Identifying Entrepreneurs During Job Interviews - mollylynn
http://www.infochachkie.com/entrepreneurial-interviewing/
How to avoid hiring a "wantrepreneur" at your startup.
======
skmurphy
The personal questions proposed in this post are not in any way relevant to
job performance and put you at risk of an anti-discrimination lawsuit in
California. The relevance to entrepreneurship is never explained in the post,
you might as well ask "what is your favorite color" as it's as useful as these
questions.

It's also interesting that all of the "homework" tasks are marketing or
business development related.
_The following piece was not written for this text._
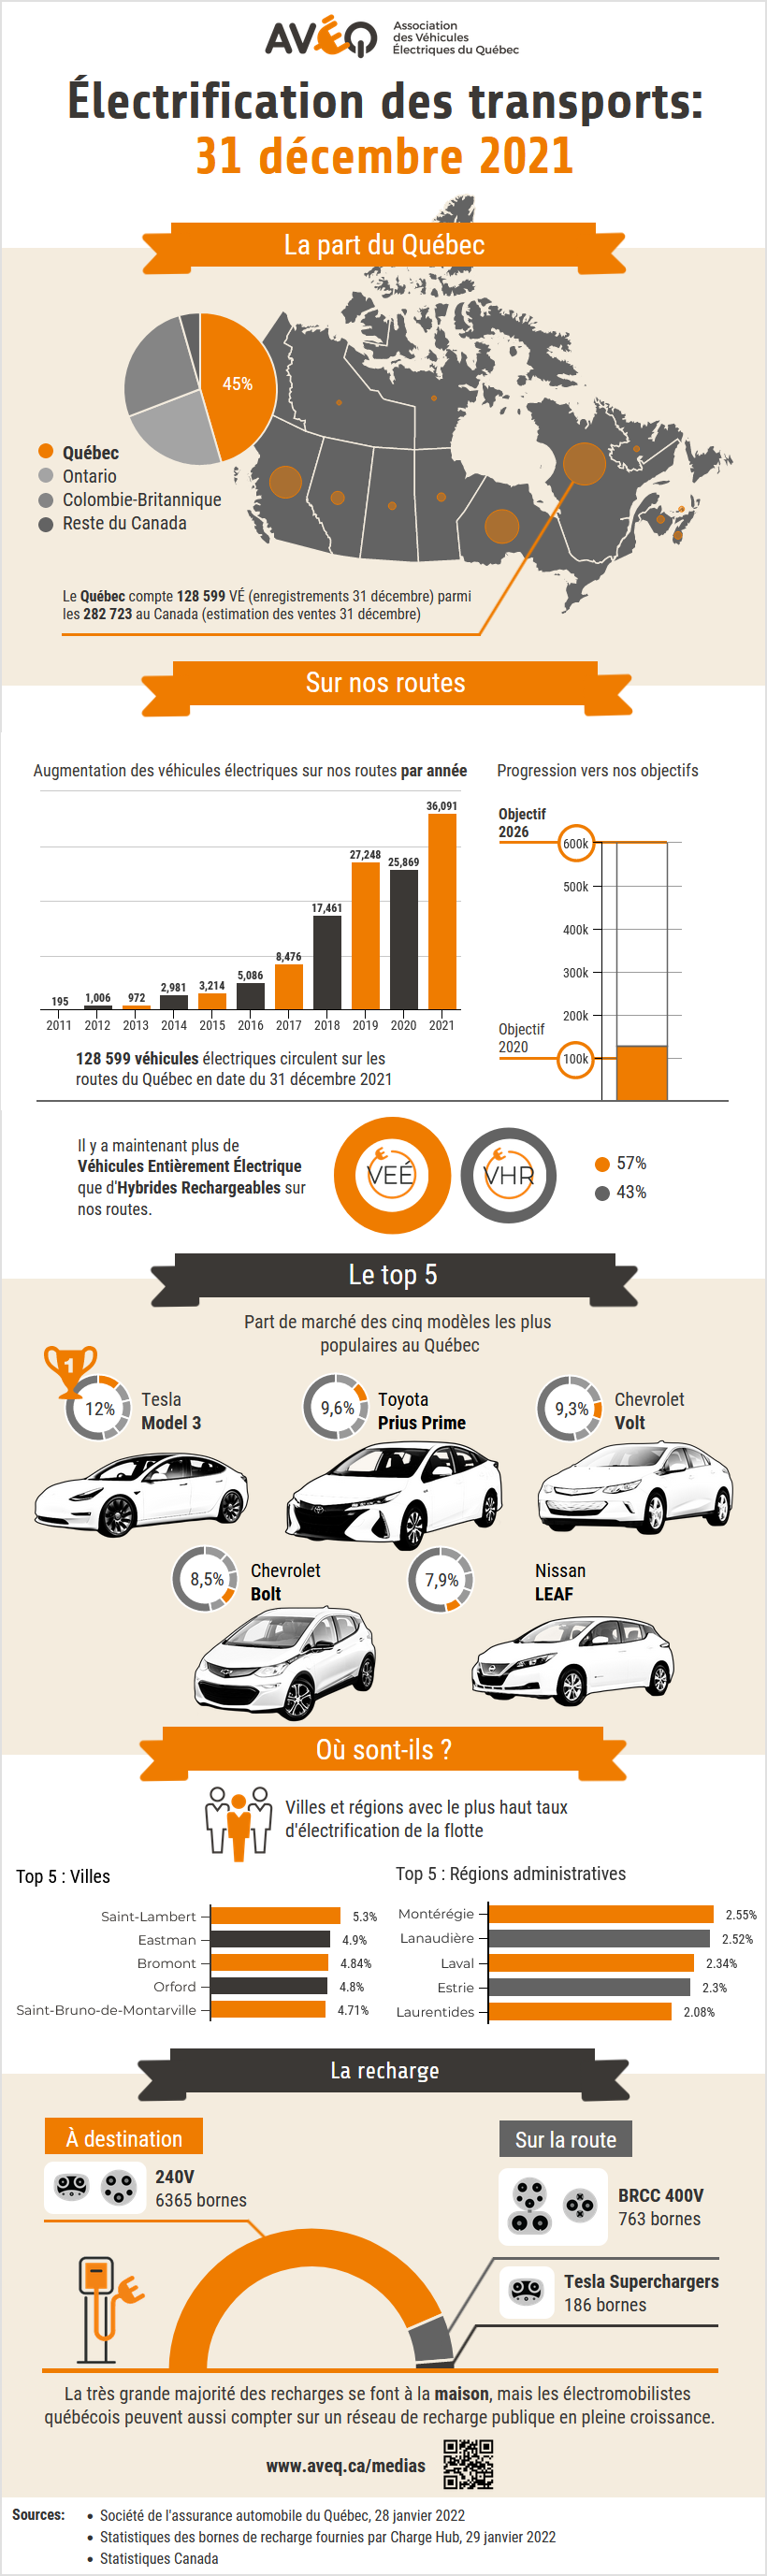 Automobile : Un recul de 8% des ventes par rapport à 2021

To help the average hacker understand what's
being asked here, pretend that you were given a programming assignment and
asked to bring the code in on a USB key so that it could be "reviewed" as a
part of the interview. This is different from being asked to sketch out an
approach during an interview, he wants real work for free.

The downturn may embolden certain hiring managers to abuse candidates, please
don't become one of them.

------
helveticaman
_Free Consulting

Before you conclude the interview, assuming you are interested in the
candidate, give them some meaningful homework. For instance, you might ask
them to research a potential new market, analyze a competitor or assess a new
distribution channel. Preferably select a task that will add value to your
team’s efforts – not a make-work project.

There are several potential positive outcomes from this approach: (i) you get
free consulting, (ii) the candidate becomes engaged in your business and thus
can hit the ground running if they are hired, and most importantly, (iii) it
gives you an effective window into their soul and true motivations, as well as
an assessment of their skills and abilities._

Free consulting? Strikes me as a little sleazy.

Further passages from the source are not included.